WHAT THE EXERCISE ASKS —
An unaltered copy of the listing below is required.

SUPPLIED DATA —
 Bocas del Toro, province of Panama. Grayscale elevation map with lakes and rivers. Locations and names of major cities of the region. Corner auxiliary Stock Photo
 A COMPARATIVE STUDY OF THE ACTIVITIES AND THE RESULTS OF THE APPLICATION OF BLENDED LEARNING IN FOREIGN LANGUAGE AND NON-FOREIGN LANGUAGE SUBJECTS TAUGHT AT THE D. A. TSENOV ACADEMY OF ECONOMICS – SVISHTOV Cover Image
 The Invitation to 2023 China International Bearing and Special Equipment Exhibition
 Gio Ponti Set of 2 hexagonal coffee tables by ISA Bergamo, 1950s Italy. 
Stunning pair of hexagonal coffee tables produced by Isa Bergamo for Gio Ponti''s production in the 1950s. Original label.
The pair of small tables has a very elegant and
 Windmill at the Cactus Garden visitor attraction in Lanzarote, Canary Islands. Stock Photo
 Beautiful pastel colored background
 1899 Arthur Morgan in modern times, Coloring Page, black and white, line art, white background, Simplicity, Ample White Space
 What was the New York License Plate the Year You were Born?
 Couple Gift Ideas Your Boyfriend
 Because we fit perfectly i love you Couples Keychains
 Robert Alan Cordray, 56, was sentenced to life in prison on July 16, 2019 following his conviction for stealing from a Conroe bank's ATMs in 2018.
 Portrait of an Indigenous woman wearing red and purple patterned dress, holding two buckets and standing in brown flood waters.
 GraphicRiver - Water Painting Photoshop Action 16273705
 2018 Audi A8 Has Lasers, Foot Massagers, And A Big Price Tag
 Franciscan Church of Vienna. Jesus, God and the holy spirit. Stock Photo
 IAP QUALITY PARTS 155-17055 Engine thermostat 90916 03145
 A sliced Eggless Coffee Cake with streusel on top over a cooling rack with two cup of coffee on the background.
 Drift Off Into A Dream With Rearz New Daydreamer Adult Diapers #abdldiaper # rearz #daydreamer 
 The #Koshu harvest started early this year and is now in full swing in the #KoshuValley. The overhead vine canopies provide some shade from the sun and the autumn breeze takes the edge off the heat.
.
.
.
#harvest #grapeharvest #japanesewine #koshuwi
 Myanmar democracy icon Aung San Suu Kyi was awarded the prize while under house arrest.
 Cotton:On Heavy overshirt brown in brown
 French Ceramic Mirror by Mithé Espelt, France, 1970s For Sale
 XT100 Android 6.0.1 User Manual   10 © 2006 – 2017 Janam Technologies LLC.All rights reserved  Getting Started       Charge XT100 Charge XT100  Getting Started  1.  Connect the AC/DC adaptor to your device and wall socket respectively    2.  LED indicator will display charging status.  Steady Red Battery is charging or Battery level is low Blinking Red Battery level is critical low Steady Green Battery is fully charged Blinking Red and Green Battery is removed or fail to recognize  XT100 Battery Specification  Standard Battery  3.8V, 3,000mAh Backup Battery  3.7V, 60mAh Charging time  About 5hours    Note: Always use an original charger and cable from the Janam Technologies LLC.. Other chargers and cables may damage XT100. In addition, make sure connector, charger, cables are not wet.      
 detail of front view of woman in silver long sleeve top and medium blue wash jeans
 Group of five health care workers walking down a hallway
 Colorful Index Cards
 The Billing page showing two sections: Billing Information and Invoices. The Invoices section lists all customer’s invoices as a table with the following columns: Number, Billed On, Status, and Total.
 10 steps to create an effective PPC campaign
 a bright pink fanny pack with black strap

SOLUTION FOR THIS PROBLEM —
 Bocas del Toro, province of Panama. Grayscale elevation map with lakes and rivers. Locations and names of major cities of the region. Corner auxiliary Stock Photo
 A COMPARATIVE STUDY OF THE ACTIVITIES AND THE RESULTS OF THE APPLICATION OF BLENDED LEARNING IN FOREIGN LANGUAGE AND NON-FOREIGN LANGUAGE SUBJECTS TAUGHT AT THE D. A. TSENOV ACADEMY OF ECONOMICS – SVISHTOV Cover Image
 The Invitation to 2023 China International Bearing and Special Equipment Exhibition
 Gio Ponti Set of 2 hexagonal coffee tables by ISA Bergamo, 1950s Italy. 
Stunning pair of hexagonal coffee tables produced by Isa Bergamo for Gio Ponti''s production in the 1950s. Original label.
The pair of small tables has a very elegant and
 Windmill at the Cactus Garden visitor attraction in Lanzarote, Canary Islands. Stock Photo
 Beautiful pastel colored background
 1899 Arthur Morgan in modern times, Coloring Page, black and white, line art, white background, Simplicity, Ample White Space
 What was the New York License Plate the Year You were Born?
 Couple Gift Ideas Your Boyfriend
 Because we fit perfectly i love you Couples Keychains
 Robert Alan Cordray, 56, was sentenced to life in prison on July 16, 2019 following his conviction for stealing from a Conroe bank's ATMs in 2018.
 Portrait of an Indigenous woman wearing red and purple patterned dress, holding two buckets and standing in brown flood waters.
 GraphicRiver - Water Painting Photoshop Action 16273705
 2018 Audi A8 Has Lasers, Foot Massagers, And A Big Price Tag
 Franciscan Church of Vienna. Jesus, God and the holy spirit. Stock Photo
 IAP QUALITY PARTS 155-17055 Engine thermostat 90916 03145
 A sliced Eggless Coffee Cake with streusel on top over a cooling rack with two cup of coffee on the background.
 Drift Off Into A Dream With Rearz New Daydreamer Adult Diapers #abdldiaper # rearz #daydreamer 
 The #Koshu harvest started early this year and is now in full swing in the #KoshuValley. The overhead vine canopies provide some shade from the sun and the autumn breeze takes the edge off the heat.
.
.
.
#harvest #grapeharvest #japanesewine #koshuwi
 Myanmar democracy icon Aung San Suu Kyi was awarded the prize while under house arrest.
 Cotton:On Heavy overshirt brown in brown
 French Ceramic Mirror by Mithé Espelt, France, 1970s For Sale
 XT100 Android 6.0.1 User Manual   10 © 2006 – 2017 Janam Technologies LLC.All rights reserved  Getting Started       Charge XT100 Charge XT100  Getting Started  1.  Connect the AC/DC adaptor to your device and wall socket respectively    2.  LED indicator will display charging status.  Steady Red Battery is charging or Battery level is low Blinking Red Battery level is critical low Steady Green Battery is fully charged Blinking Red and Green Battery is removed or fail to recognize  XT100 Battery Specification  Standard Battery  3.8V, 3,000mAh Backup Battery  3.7V, 60mAh Charging time  About 5hours    Note: Always use an original charger and cable from the Janam Technologies LLC.. Other chargers and cables may damage XT100. In addition, make sure connector, charger, cables are not wet.      
 detail of front view of woman in silver long sleeve top and medium blue wash jeans
 Group of five health care workers walking down a hallway
 Colorful Index Cards
 The Billing page showing two sections: Billing Information and Invoices. The Invoices section lists all customer’s invoices as a table with the following columns: Number, Billed On, Status, and Total.
 10 steps to create an effective PPC campaign
 a bright pink fanny pack with black strap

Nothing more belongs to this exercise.